Es fácil esquivar la lanza, mas no el puñal oculto.
Proverbio chino
Jules Bayac era un luchador por la libertad.
Hijo de una familia de obreros, aun llevaba calzones cortos cuando entró a trabajar en la mina, y pronto se significó como un luchador contra la tiranía y la opresión. El 1933 había conseguido el carnet del Partido, y en 1936 escuchó la llamada de la Internacional para acudir a España, donde estuvo luchando durante dos años en el batallón Louise Michel. Había llegado a teniente, siendo considerado uno de los mejores y más concienciados hombres del batallón, excelente comandante y mejor comunista. Pero al volver a Francia había roto con sus antiguos camaradas. No había vuelto a reunirse con sus compañeros, no se presentaba en las reuniones del Partido, al que finalmente renunció, y se le dejó de ver. Ni su familia, ni sus antiguos amigos —a los que repugnaba el comportamiento de Jules tras su vuelta de España— habían mantenido contacto con el ex brigadista, que parecía haber desaparecido de la faz de la tierra.
Nadie sabía dónde estaba Jules Bayac, porque ya no se llamaba así. El Partido le había ordenado que pasase a la clandestinidad y le había proporcionado nueva documentación. Ahora se llamaba Jacques Lernel, y trabajaba en una fábrica de cerveza en la pequeña ciudad de Saint-Dizier. Allí tampoco tenía amigos y no se relacionaba con mujeres. Hasta había sido considerado un esquirol por desoír las órdenes del Partido de oponerse a la participación en la guerra. Sin embargo, el supuesto belicista, como buen traidor, había conseguido eludir la movilización aduciendo una enfermedad pulmonar: se había entrenado en toser muy convincentemente, y un pequeño corte le había ayudado a escupir sangre. Había seguido trabajando en la fábrica durante la guerra y tras el armisticio.

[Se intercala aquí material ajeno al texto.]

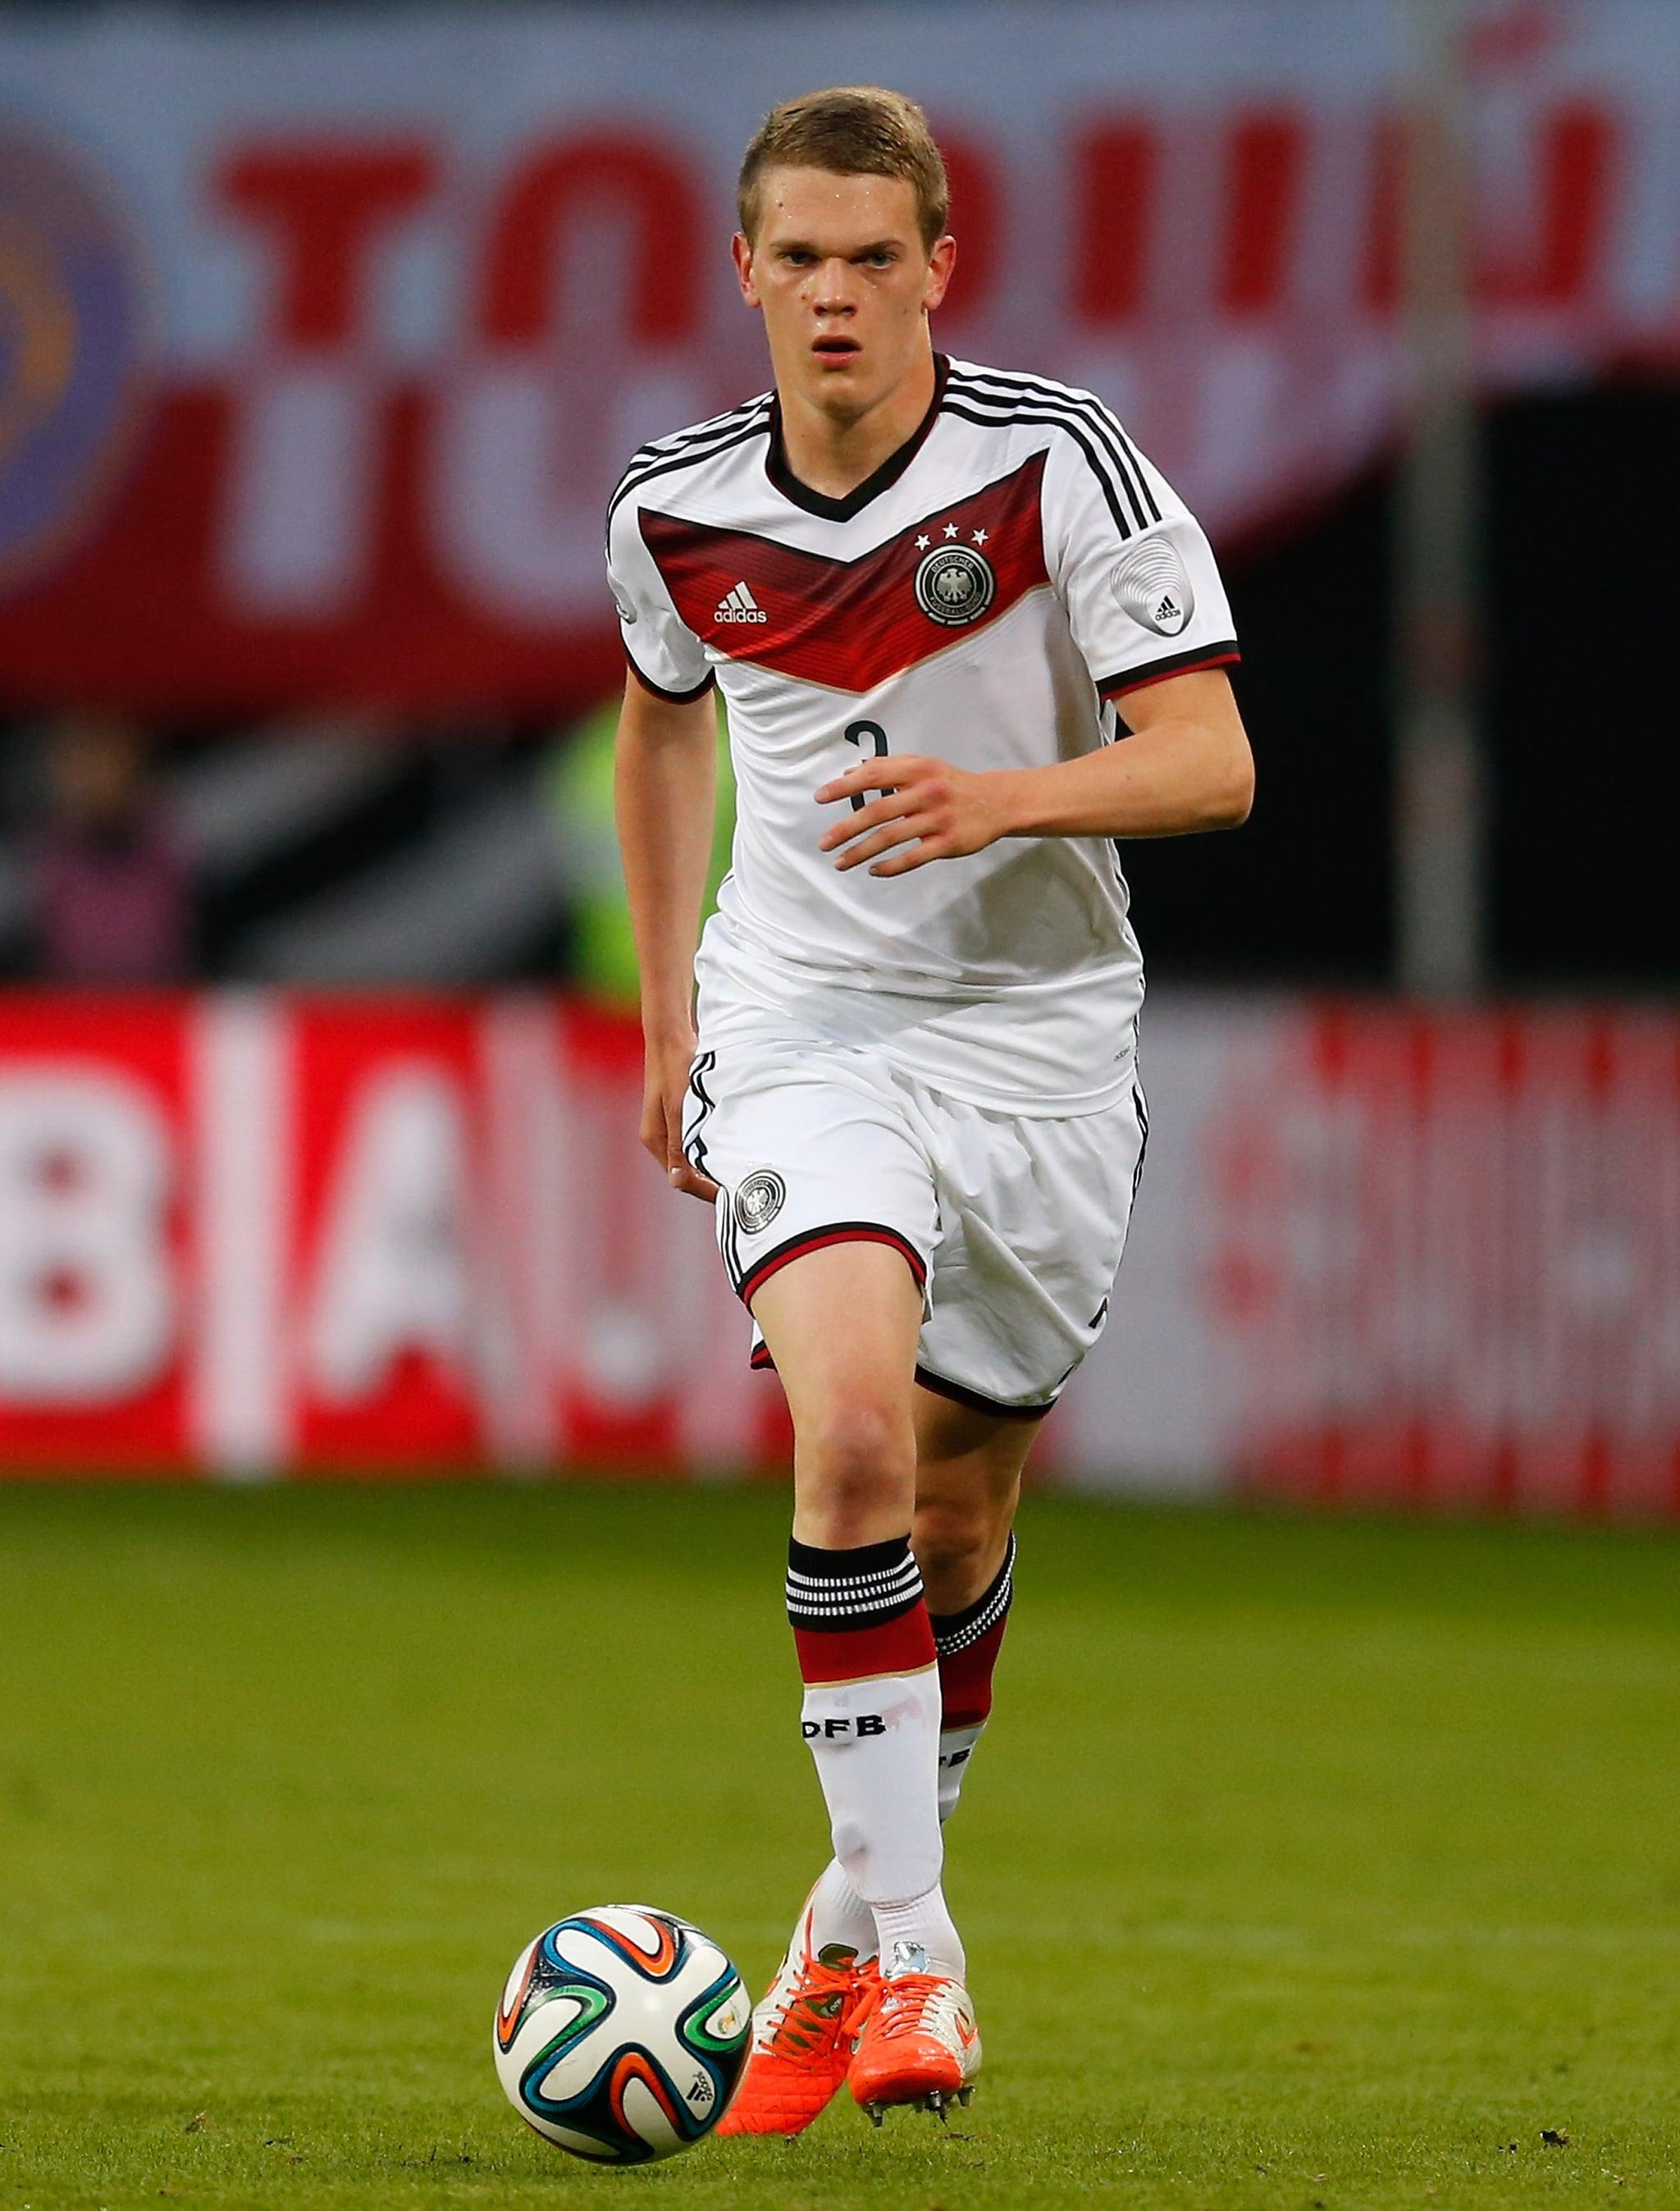 Germany: Matthias Ginter

Jules, ahora Jacques, se había convertido en un empleado de confianza que recorría las localidades cercanas para adquirir el cereal y el lúpulo que aromatizaba la bebida. Tarea que le iba que ni pintada, porque solo se le conocía una afición: recorrer las carreteras cercanas a Saint-Dizier con su baqueteada bicicleta. Hiciese el tiempo que hiciese, los domingos dejaba a primera hora el cuartucho en el que vivía como realquilado, llevando un zurrón con un poco de pan, queso y vino, y no volvía hasta el anochecer.
Lo que nadie sabía era que muchas de sus excursiones finalizaban en los extensos bosques que había al sur de la ciudad. Una vez en la espesura, tomaba un mal camino, realmente un antiguo cortafuegos cubierto de maleza, hasta llegar a una granja en la linde de la espesura. Ahí le recibía Pierrot, un hombre entrado en años al que Jacques no conocía, pero al que suponía un pasado parecido al suyo. Como también lo tendrían los otros ex brigadistas —a varios de los cuales Jacques conocía de España, habiendo recomendado al Partido su selección— que también habían recibido la orden de pasar a la clandestinidad, y que los días festivos acudían a la granja. Jacques, a pesar de su juventud, era el líder de la célula, que se entrenaba en el bosque en luchar con armas y sin ellas, en el sabotaje y en el empleo de explosivos. Al final del día dejaban las armas ocultas en un hueco bajo el piso de una leñera, y tras dejar marcas que les alertarían de visitas intempestivas, se despedían hasta la semana siguiente.
Un buen día Jacques llegaba de su recorrido por las granjas de las cercanías, tras haber pasado el día discutiendo con campesinos que ponían precios imposibles a la cebada que tenían en sus graneros. Pasaba por delante de la cantina —en la que raramente se detenía— cuando un desconocido le saludó.
—Jacques ¿cómo puedes pasar sin saludarme? ¿No te acuerdas de mí? Soy André Courteline. Fui tu compañero en la escuela.
El interpelado detuvo su bicicleta y saludó alegremente a André.
—André, perdóname porque no te había visto, pero es que con tan poca luz ¿Cómo no iba a reconocer a mi amigo de Dijon? Qué tiempos los de la escuela…
—Volvemos a juntarnos los de la Champolion —dijo André. Jacques siguió la insustancial charla, pero asintió silenciosamente. Los nombres de la ciudad y de la escuela eran las claves con las que reconocería a los enviados del Partido. Los dos entraron en la cantina y tras tomar un Pernod, el llamado André le invitó a visitarlo en el hotelito en el que se encontraba con el pretexto de ser un vendedor de vinos.
—Camarada —dijo el emisario tras comprobar que no había oídos indiscretos—, se acerca el momento de la verdad. Mañana llegará otro compañero al que debes buscar un alojamiento seguro. Llevará una radio e instrucciones para actuar.